Public reporting provides the kind of information that consumers value and creates further incentives for hospitals to focus on patient satisfaction. Providing holistic care that includes spiritual care interventions considers the health needs of individuals as integrated persons rather than as a biological systems; nurses focus on the patient as a whole, not just the individual's disease. Holistic care processes forge better relationships between nurses and their patients and, therefore, improve patient satisfaction.
Findings revealed in this study suggest that the role of the nurse leader in the provision of spiritual care for hospitalized patients is inadequate. Nurse leaders who participated in this study weren't prepared to direct that care. Four recommendations were made to improve the nurse leaders' actualization of their part in providing spiritual care for hospitalized patients:
1. Include spirituality in leadership training. The benefits of spiritual care for hospitalized patients should be stressed, and the state and federal guidelines related to spiritual care should be reviewed. Nurse leaders can achieve role engagement through proper training and education.

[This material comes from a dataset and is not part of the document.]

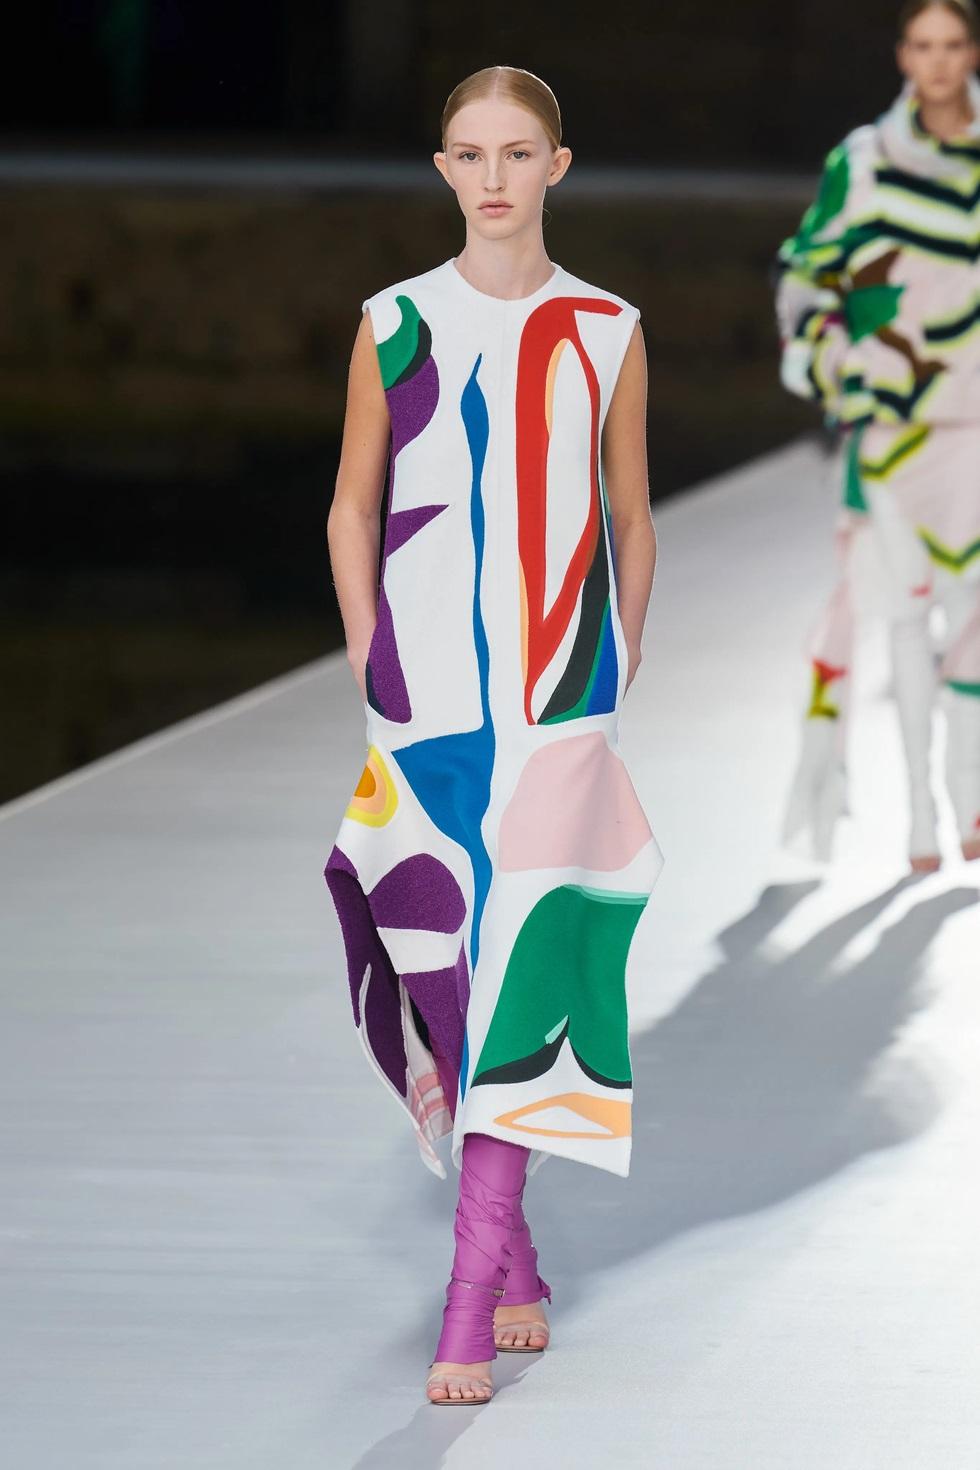 Valentino ra mắt bộ sưu tập Haute couture tôn kính thành phố Venice - 6

2. Encourage staff. Spiritual care should be included in routine patient care. Nurse leaders have the ability to influence policy development and patient-care practices, and can make a difference by creating caring communities. Providing spiritual care can strengthen the nurse-patient relationship and improve patient-care outcomes.30
3. Advocate for a spiritual assessment tool. Numerous spiritual assessment tools can be found in the literature and should be used to assess the unique needs of all patients.31 See Table 3 for examples of spiritual assessment questions suggested by The Joint Commission. Based on the spiritual assessment concepts discussed in the literature, an assessment tool was developed using the mnemonic FAITH. This simple tool can be used to prompt nurses to inquire about the patient's sources of support, important affiliations, consequences related to the current illness, and treatment concerns. By engaging in this dialogue, nurses can discover ways to support patients during the hospitalization period. In forming this connectedness with patients, nurses are meeting the holistic and spiritual needs of patients (Table 4).

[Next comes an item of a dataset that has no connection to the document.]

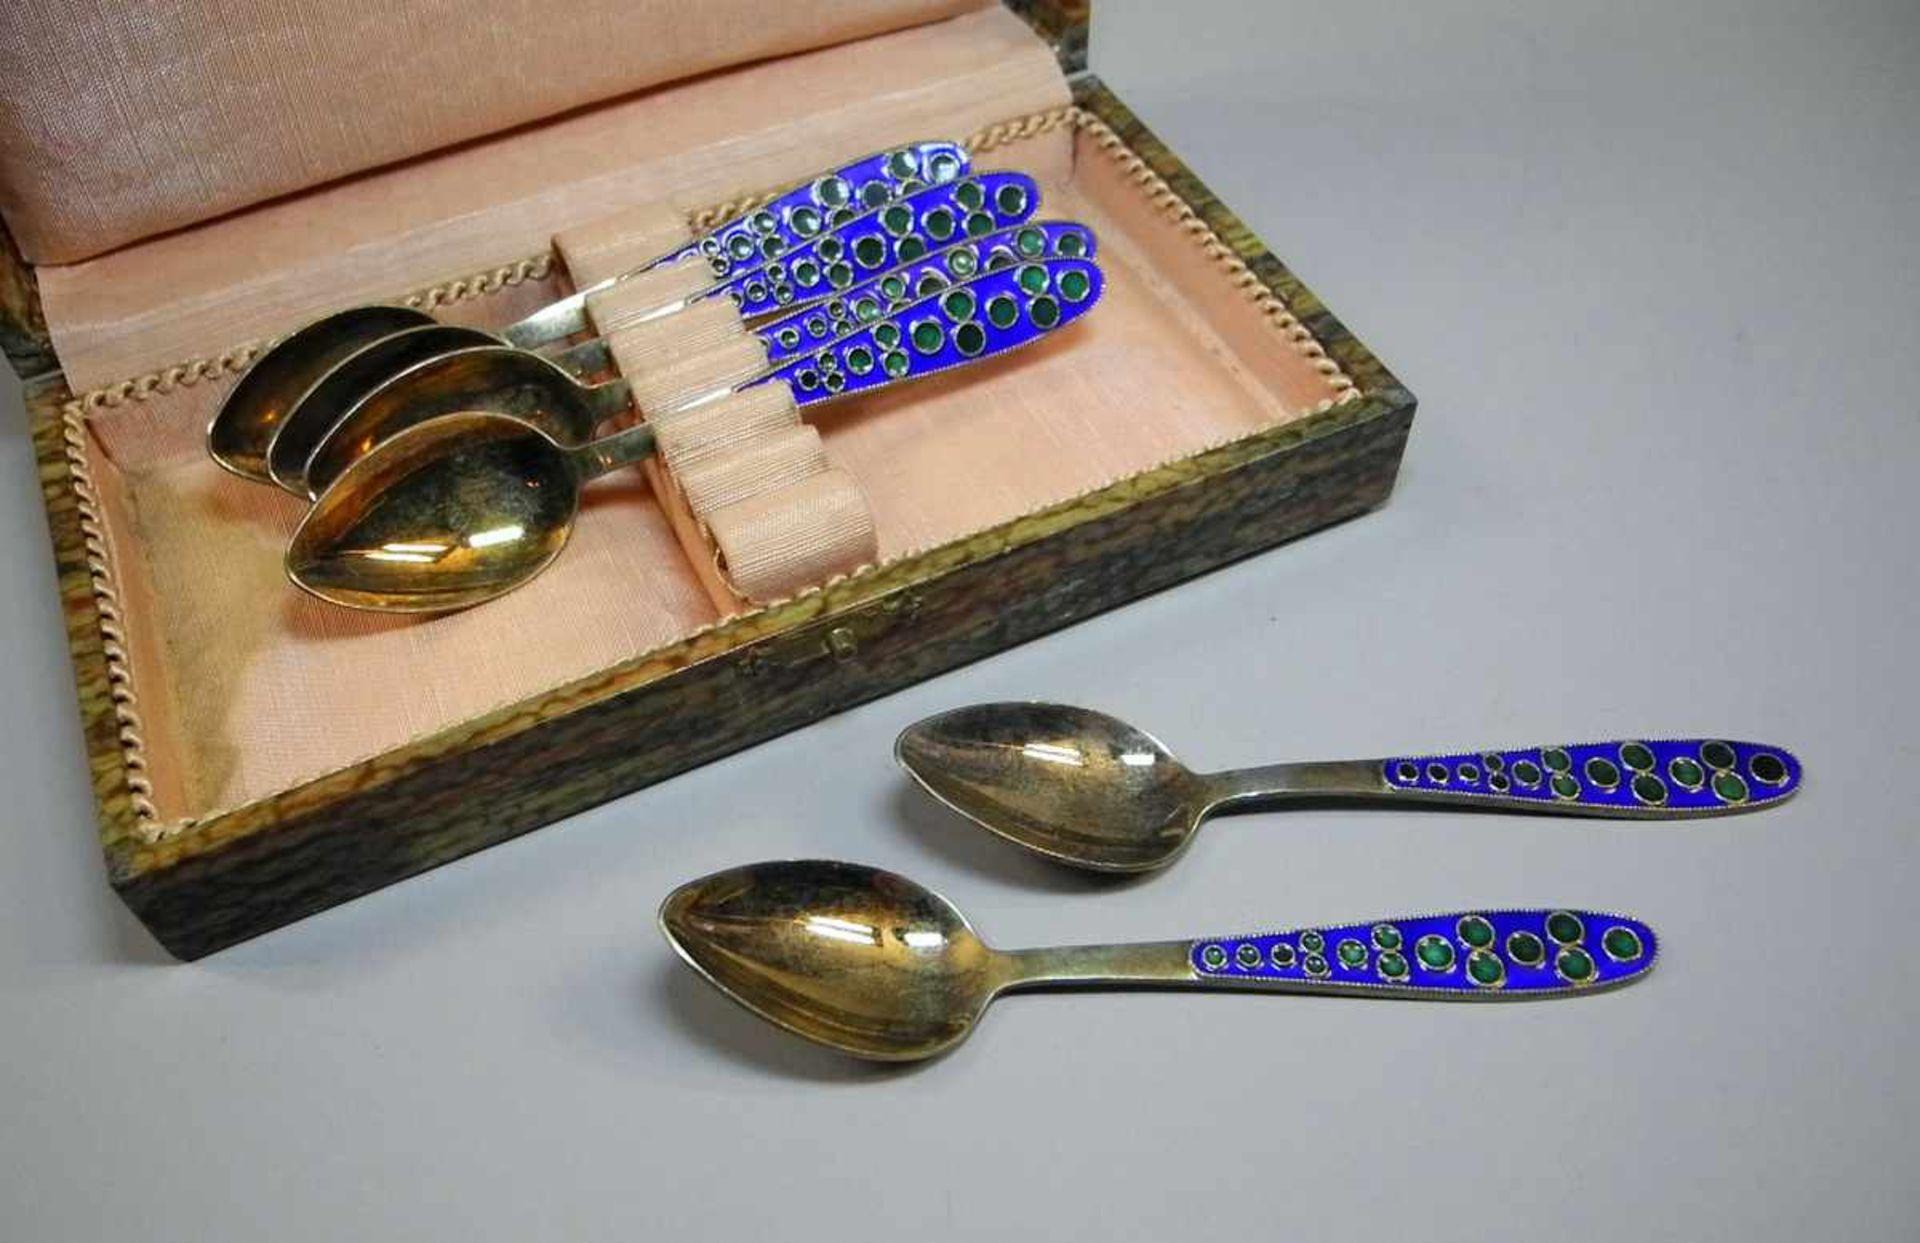 Los 14 - 6 hochwertige Silber-Emaille-LöffelSilber 916 vergoldet, jeweils rückseitig mit russischer

4. Include spiritual care education in nursing orientation. Discuss department policies related to holistic and spiritual care, and review the spiritual assessment tool. Provide new nurses with the expectation that spiritual care is a requirement of routine patient care. This will also emphasize the importance of spiritual care as a necessary component of holistic care.
By embracing the benefits of spiritual care as a necessary component of holistic care and being aware of professional regulations related to spiritual care, staff nurses will become better prepared to provide spiritual care to their patients. These efforts will improve patient-care practices and ultimately increase patient satisfaction.
Through proper leadership training and staff development, and by creating the necessary spiritual care policies and competencies, we, as nurse leaders, can effectively engage our role in the provision of spiritual care for hospitalized patients. The findings of this study support the role significance of nurse leaders.